Consigne : en analysant les trois documents, vous montrerez qu’il s’agit de trois points de vue qui ont eu pour conséquence trois comportements différents et trois étapes de la crise de Cuba.


Bonsoir mes chers compatriotes,
Fidèle à sa promesse, le gouvernement a continué de surveiller de très près les préparatifs militaires soviétiques à Cuba. Au cours de la dernière semaine, nous avons eu des preuves incontestables de la construction de plusieurs bases de fusées dans cette île opprimée. Ces sites de lancement ne peuvent avoir qu’un but : la constitution d’un potentiel nucléaire dirigé contre l’hémisphère occidental. [...]

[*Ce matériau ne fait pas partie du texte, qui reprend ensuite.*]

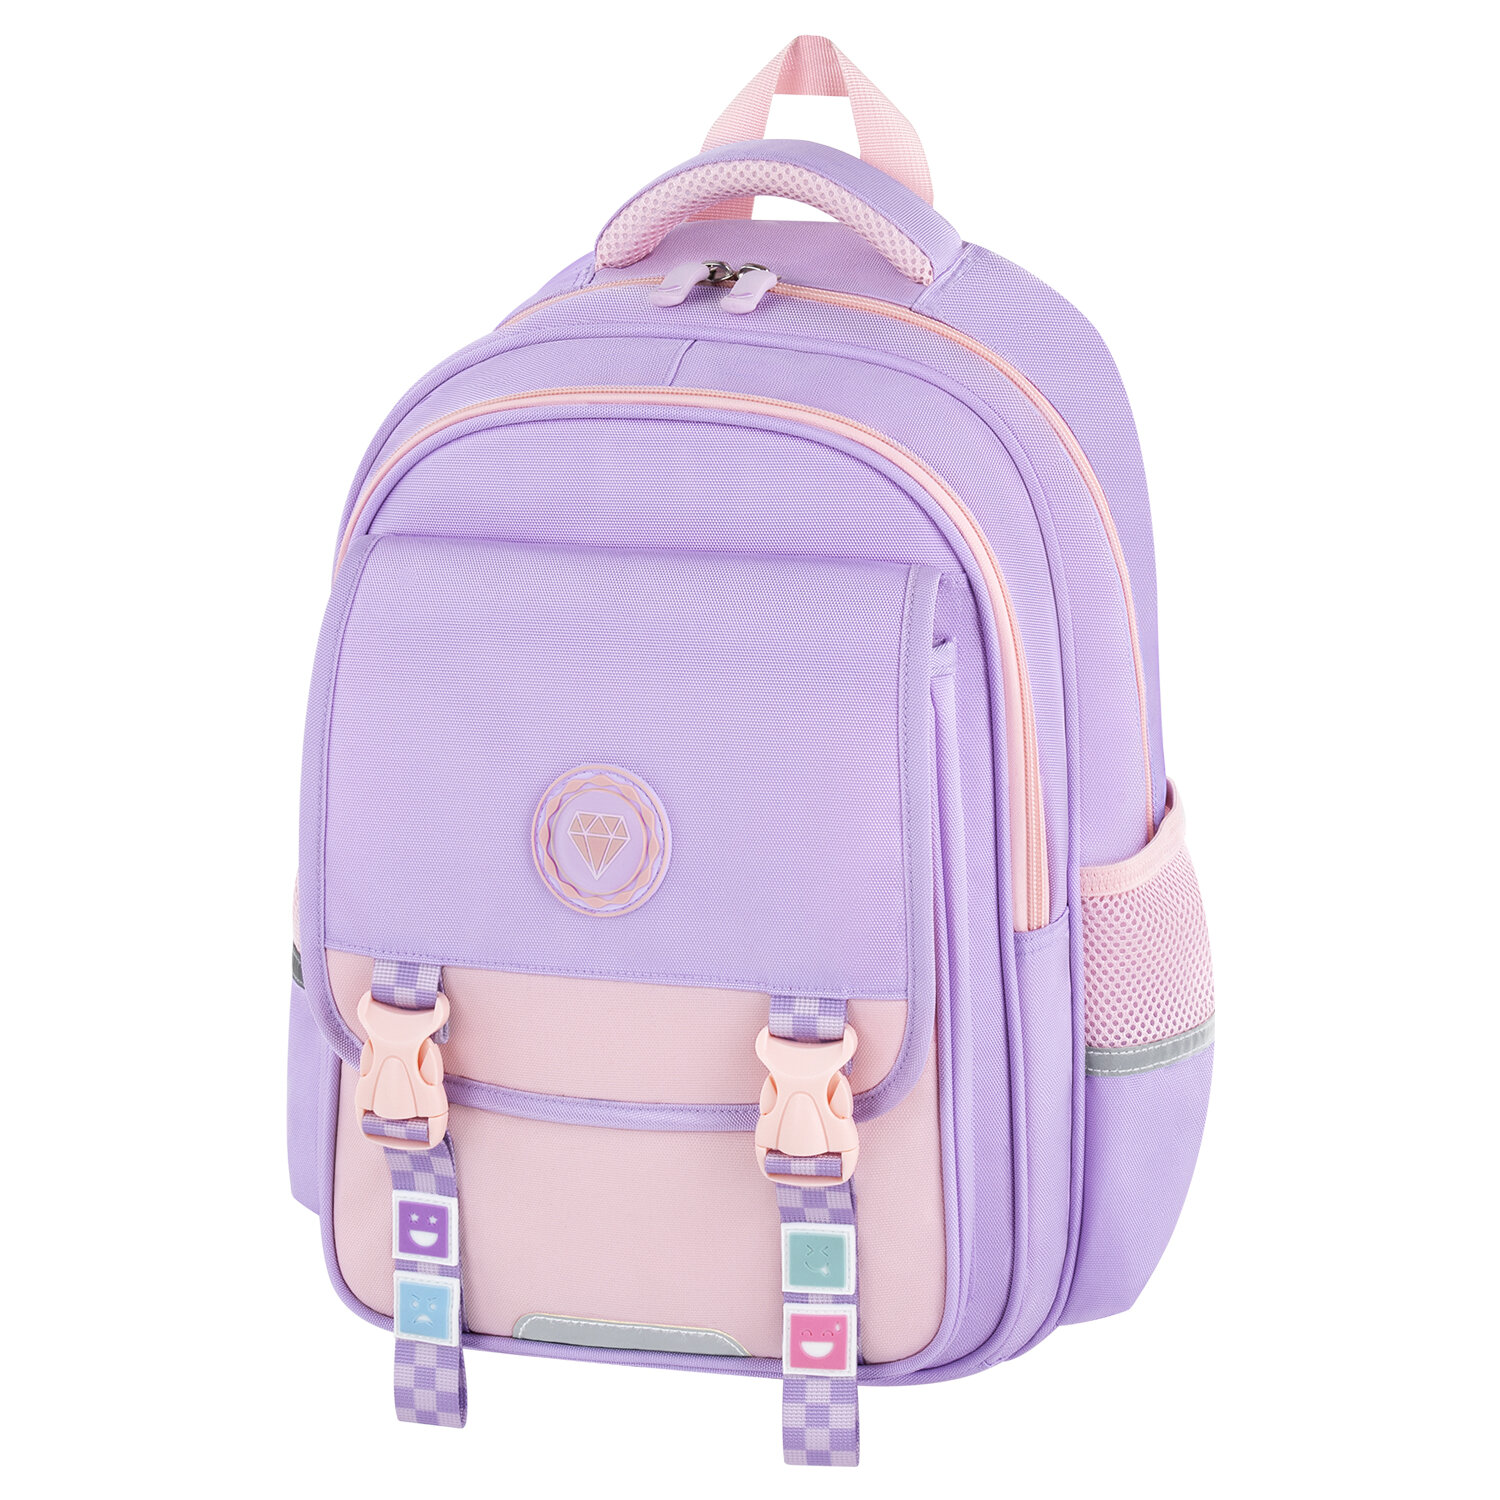 Рюкзак школьный Brauberg Snap Delicate lilac 272068 для девочки в школу для подростков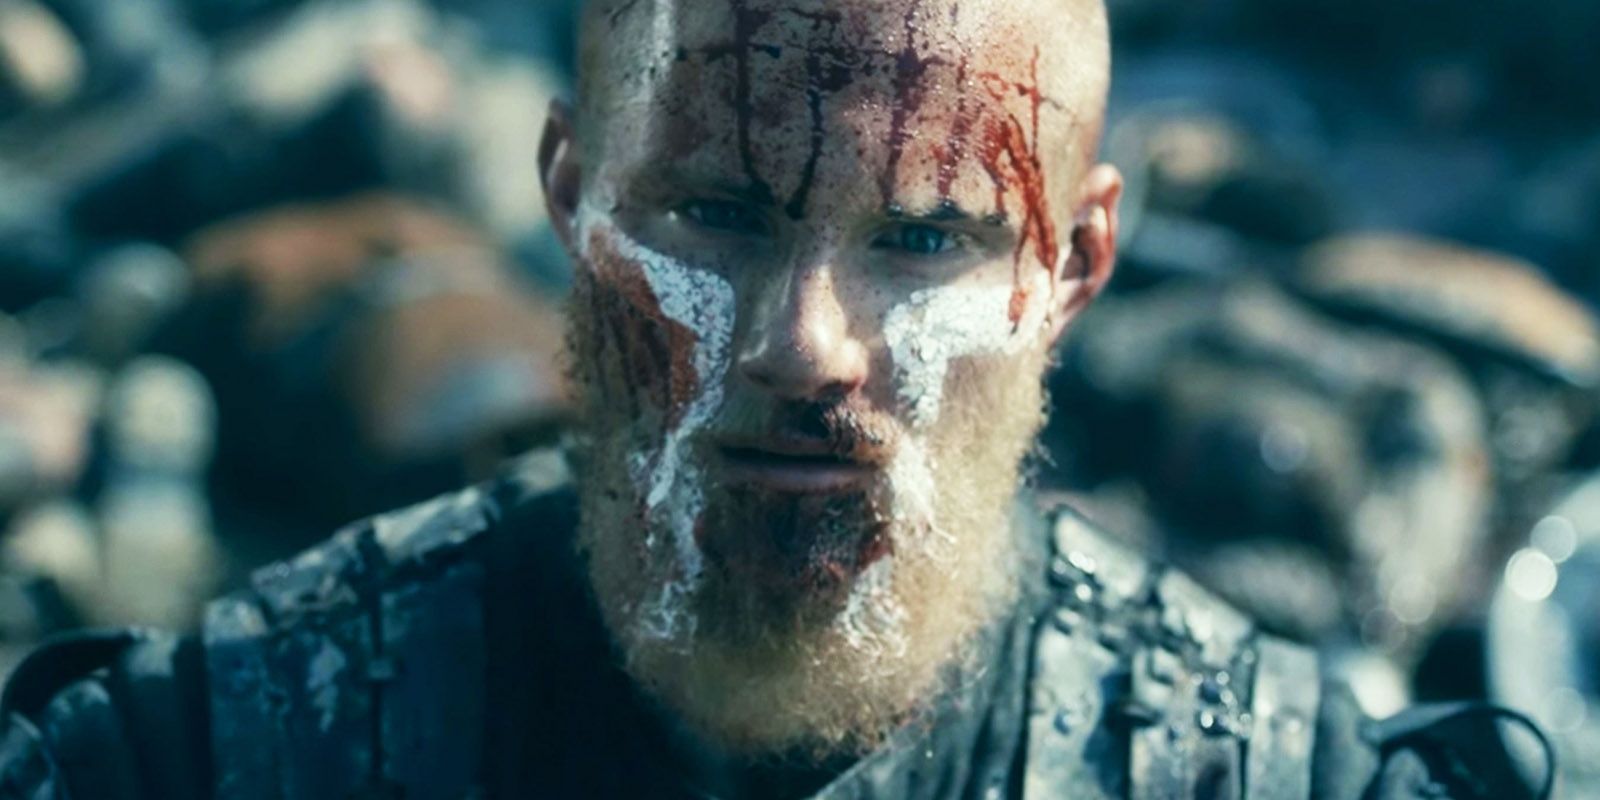 Bjorn con pintura y sangre en la cara en Vikingos

Pour empêcher la mise en place d’un dispositif offensif, une stricte quarantaine sera appliquée sur tout équipement militaire offensif à destination de Cuba. Tous les bateaux à destination de Cuba, quels que soient leur pavillon ou leur provenance seront interceptés et seront obligés de faire demi-tour s’ils transportent des armes offensives. [...] Pour le moment cependant, nous ne cherchons pas à priver la population cubaine des produits dont elle a besoin pour vivre, comme les Soviétiques tentèrent de le faire durant le blocus de Berlin en 1948.
[...] Toute fusée nucléaire lancée à partir de Cuba, contre l’une quelconque des nations de l’hémisphère occidental, sera considérée comme l’équivalent d’une attaque soviétique contre les États-Unis, attaque qui entraînerait des représailles massives contre l’Union soviétique. [...]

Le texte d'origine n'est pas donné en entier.